On the base of the above analysis, the enhancement on photocatalytic efficiency of x-CN/BVO catalysts for MB degradation can be obtained. According to the experimental and theoretical results [36], we calculated the conduction band and valence band energies of the samples. It was found that the LUMO and HOMO of MB are mismatched with the energy of BOV materials, so the photocatalytic process played a dominant role. In addition, before the photocatalytic experiment, we set up a 30 min dark reaction to achieve the balance of physical adsorption and desorption, and try to eliminate any other factors affecting the photocatalytic experiment.
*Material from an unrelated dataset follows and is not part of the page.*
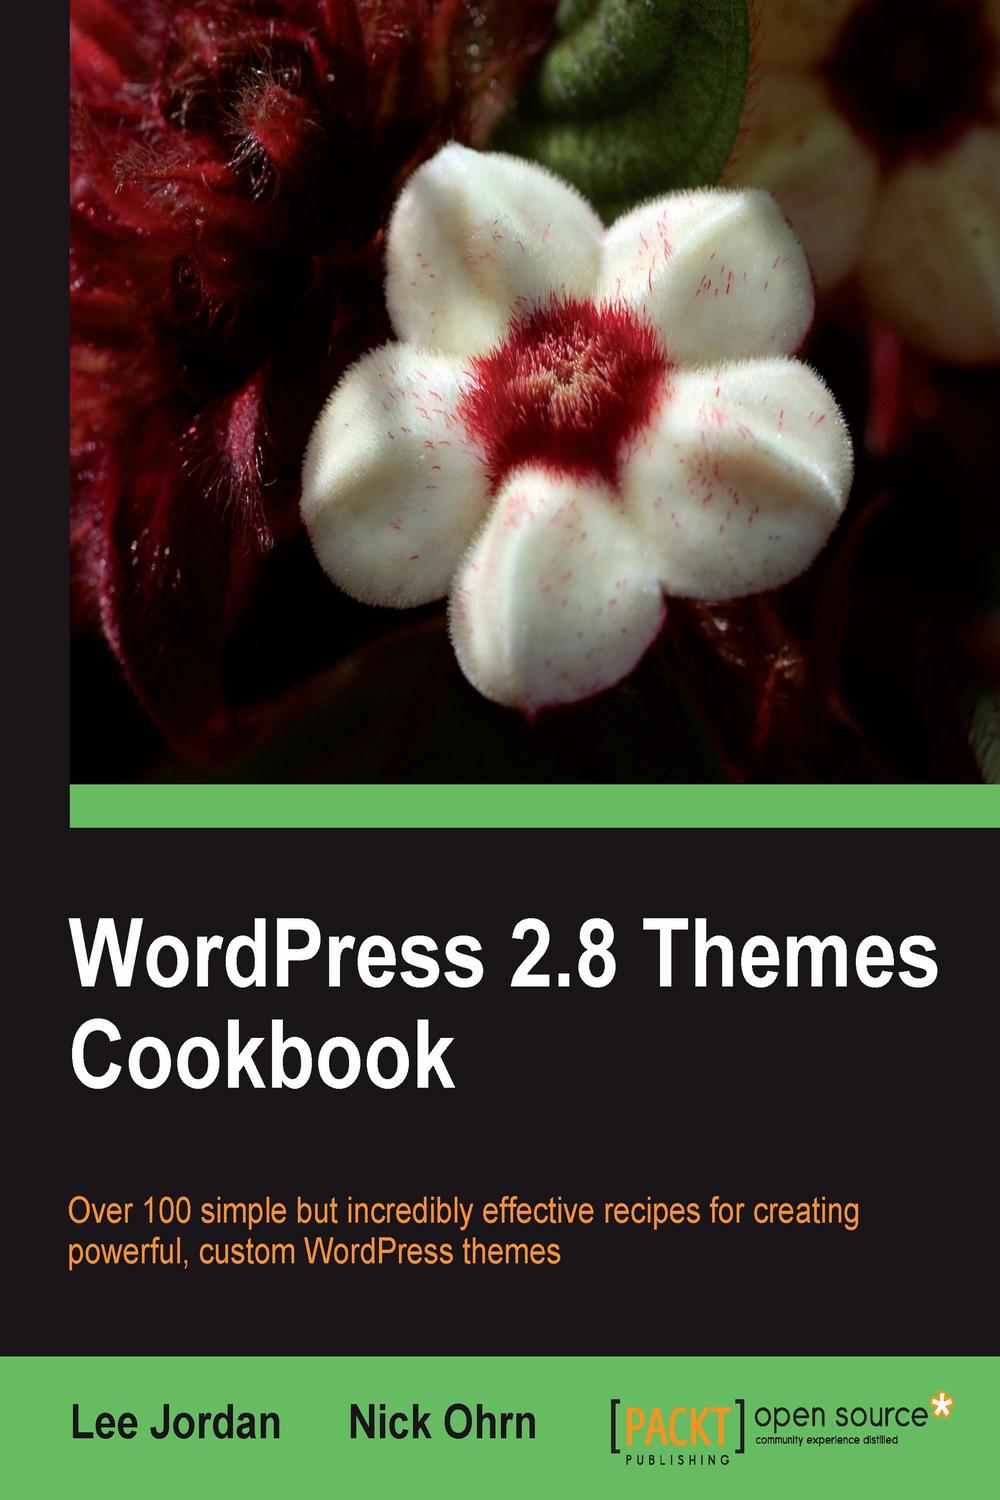 WordPress 2.8 Themes Cookbook - Nick Ohrn, Lee Jordan

The plausible photocatalytic mechanism was shown in Scheme 2, in which the Z-scheme photocatalytic system is formed between CN and BVO. Layered CN is anchored on the facets of BVO through strong interfacial electrostatic interaction, resulting in a lot of charge accumulation at the contact interface. When x-CN/BVO heterostructure is used as a photocatalyst, visible light irradiation can stimulate the migration of CN and BVO electrons from VB to CB, leaving relatively stable holes in VB, thus forming electron-hole pairs. Attributing to the Z-scheme mechanism [37], the photogenerated electrons of CB from BVO (+0.32 eV), with little hindrance, migrated to VB of CN (+1.52 eV). The electrons from CB of CN were reacted again with oxygen to generate·${\mathrm{O}}_2^{-}$ species. Then, the·${\mathrm{O}}_2^{-}$ species presents more negative potential than O₂/${\mathrm{O}}_2^{-}$, the species preferentially reacted with MB [38]. The VB of BVO is 2.77 eV, which was more positive than CN’s, so H₂O/OH⁻ can be oxidized to OH. Then, the OH species reacted with MB to produce degradation products. As shown in Figure S3 (Supplementary Materials), the photodegradation rates of MB are apparently depressed from 99.3% to 23%, 77% and 17% when BQ, IPA, and KI are being added into the reaction system, respectively. The results suggested that all the radicals of ${\mathrm{O}}_2^{-}$, OH, and h⁺ worked in MB degradation over 1.0-CN/BVO, and the·${\mathrm{O}}_2^{-}$ and h⁺ played the most dominate roles in photocatalysis reaction.

4. Conclusions

In summary, the x-CN/BVO Z-scheme heterojunction photocatalyst composed of CN and BVO was successfully synthesized by calcination and hydrothermal methods. The as-prepared optimal photodegradation performance of 1.0-CN/BVO exhibits a wide photo response, high charge separation efficiency, and strong redox capacity at the same time [39]. The results displayed that the degradation of MB by1.0-CN/BVO was 4.528 and 2.387 times higher than that of pristine CN and BVO, respectively. In addition, the 1.0-CN/BVO composite exhibits extremely catalytic stability and recyclability, indicating that the heterogeneous photocatalyst has huge potential for the removal of organic pollutants.